- SUPPLIED INFORMATION:
+++++

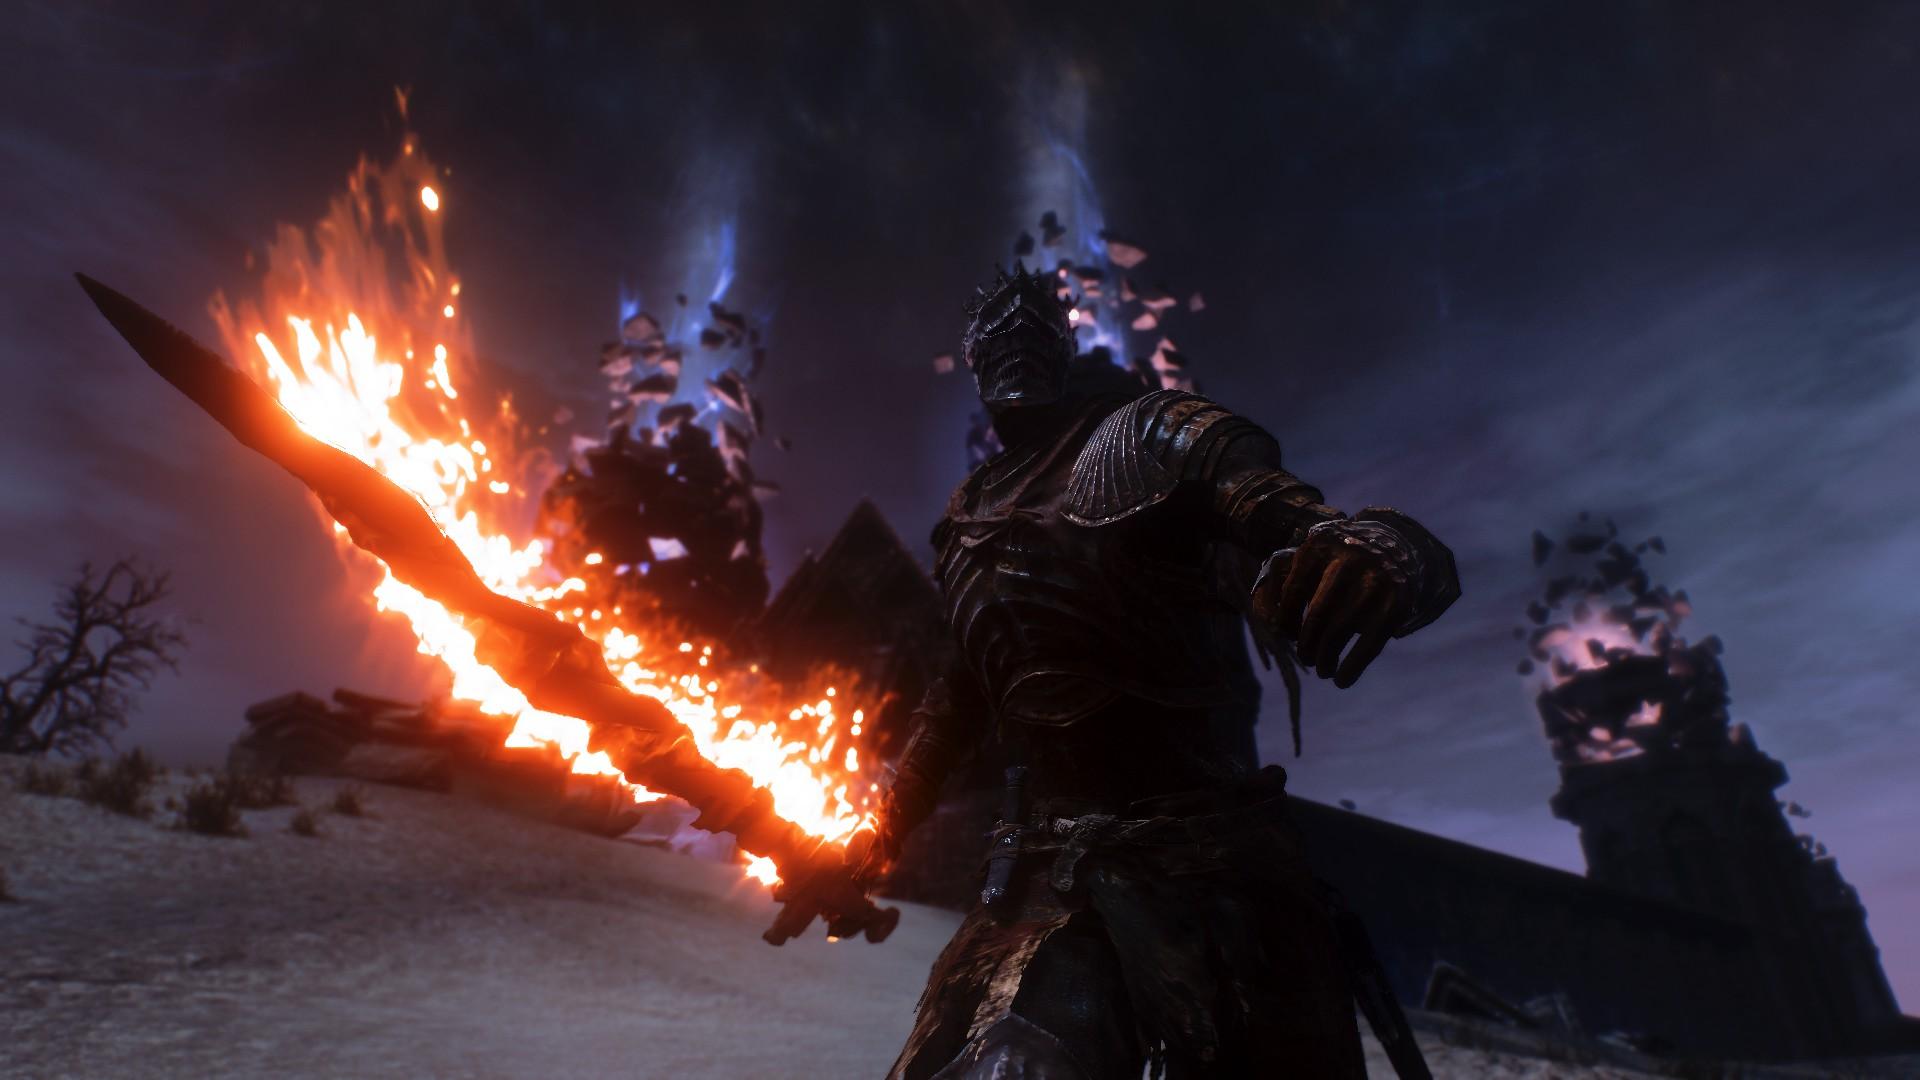 Steam Workshop Dark Souls Iii Soul Of Cinder Armor And
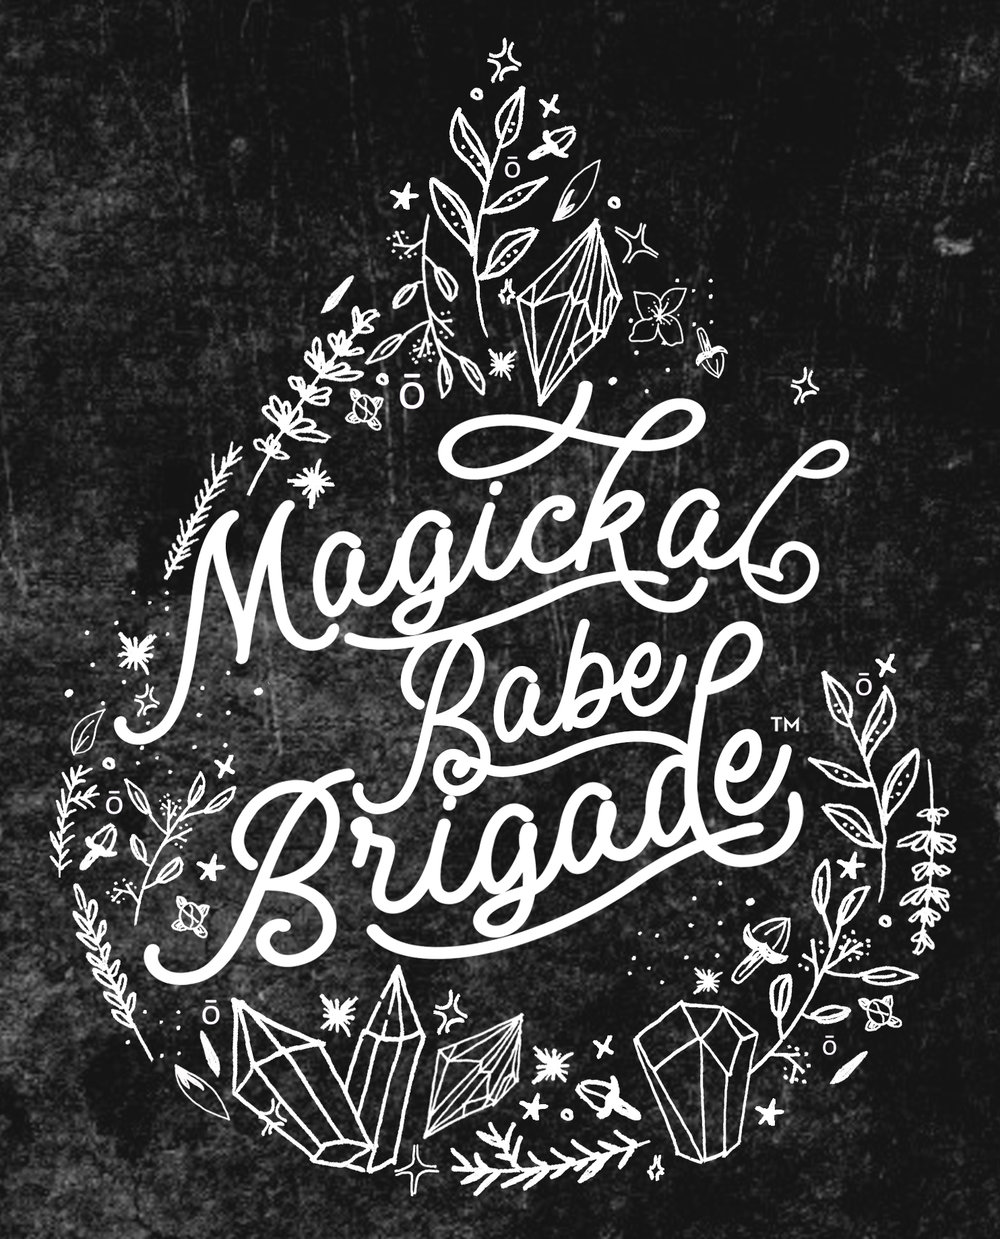 MagickalBabeBrigade_Distressed.jpg
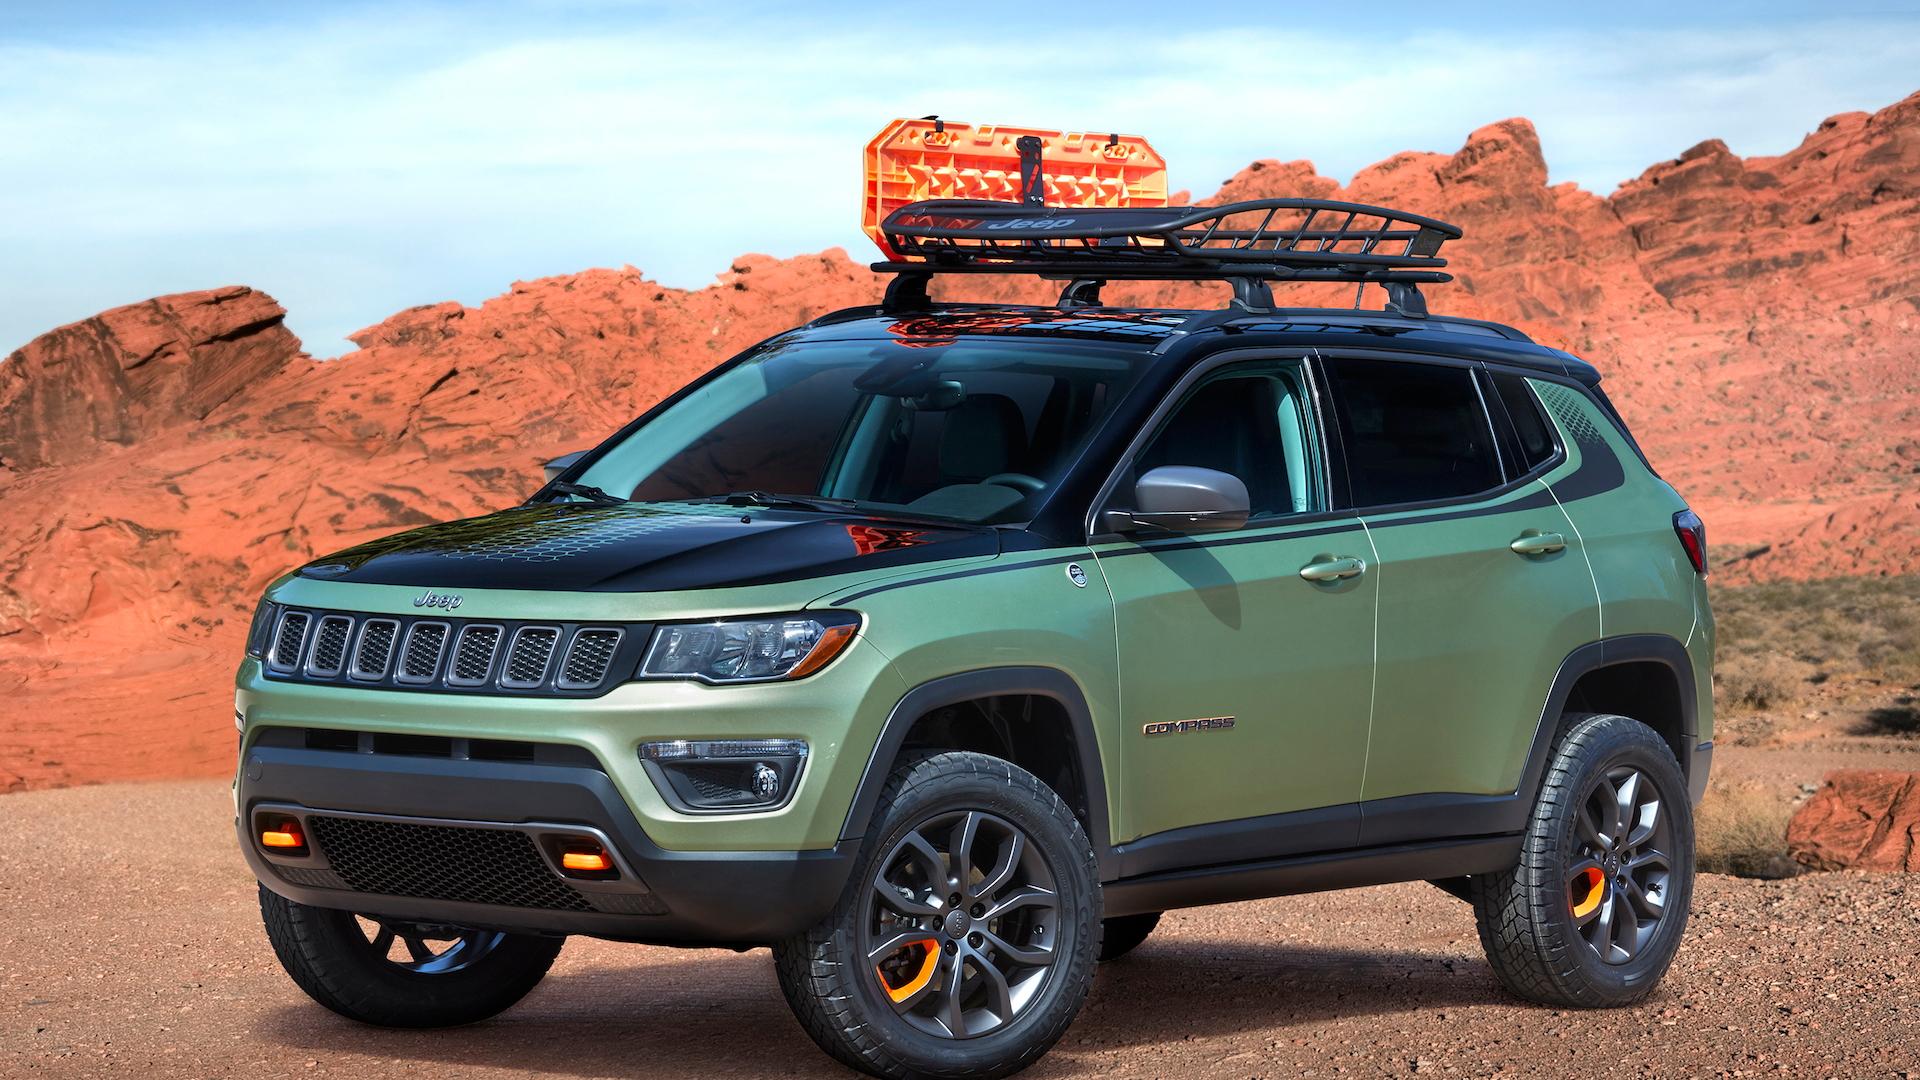 Jeep Trailpass for Moab Easter Jeep Safari, 2017
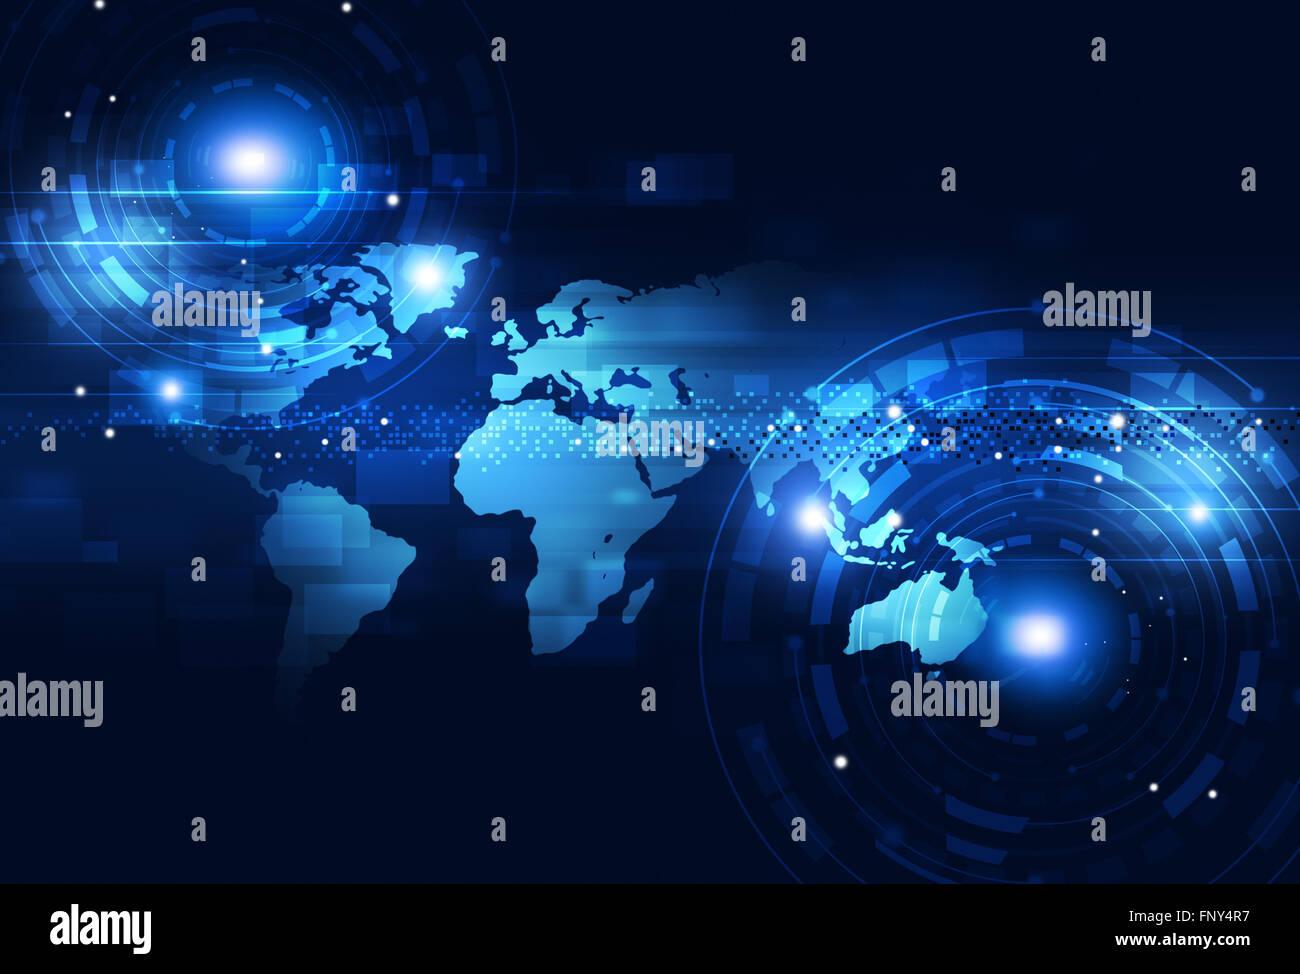 digital world of business technology communications blue background - Stock Image

+++++

Drop the images, then copy the data exactly.

 Steam Workshop Dark Souls Iii Soul Of Cinder Armor And
 MagickalBabeBrigade_Distressed.jpg
 Jeep Trailpass for Moab Easter Jeep Safari, 2017
 digital world of business technology communications blue background - Stock Image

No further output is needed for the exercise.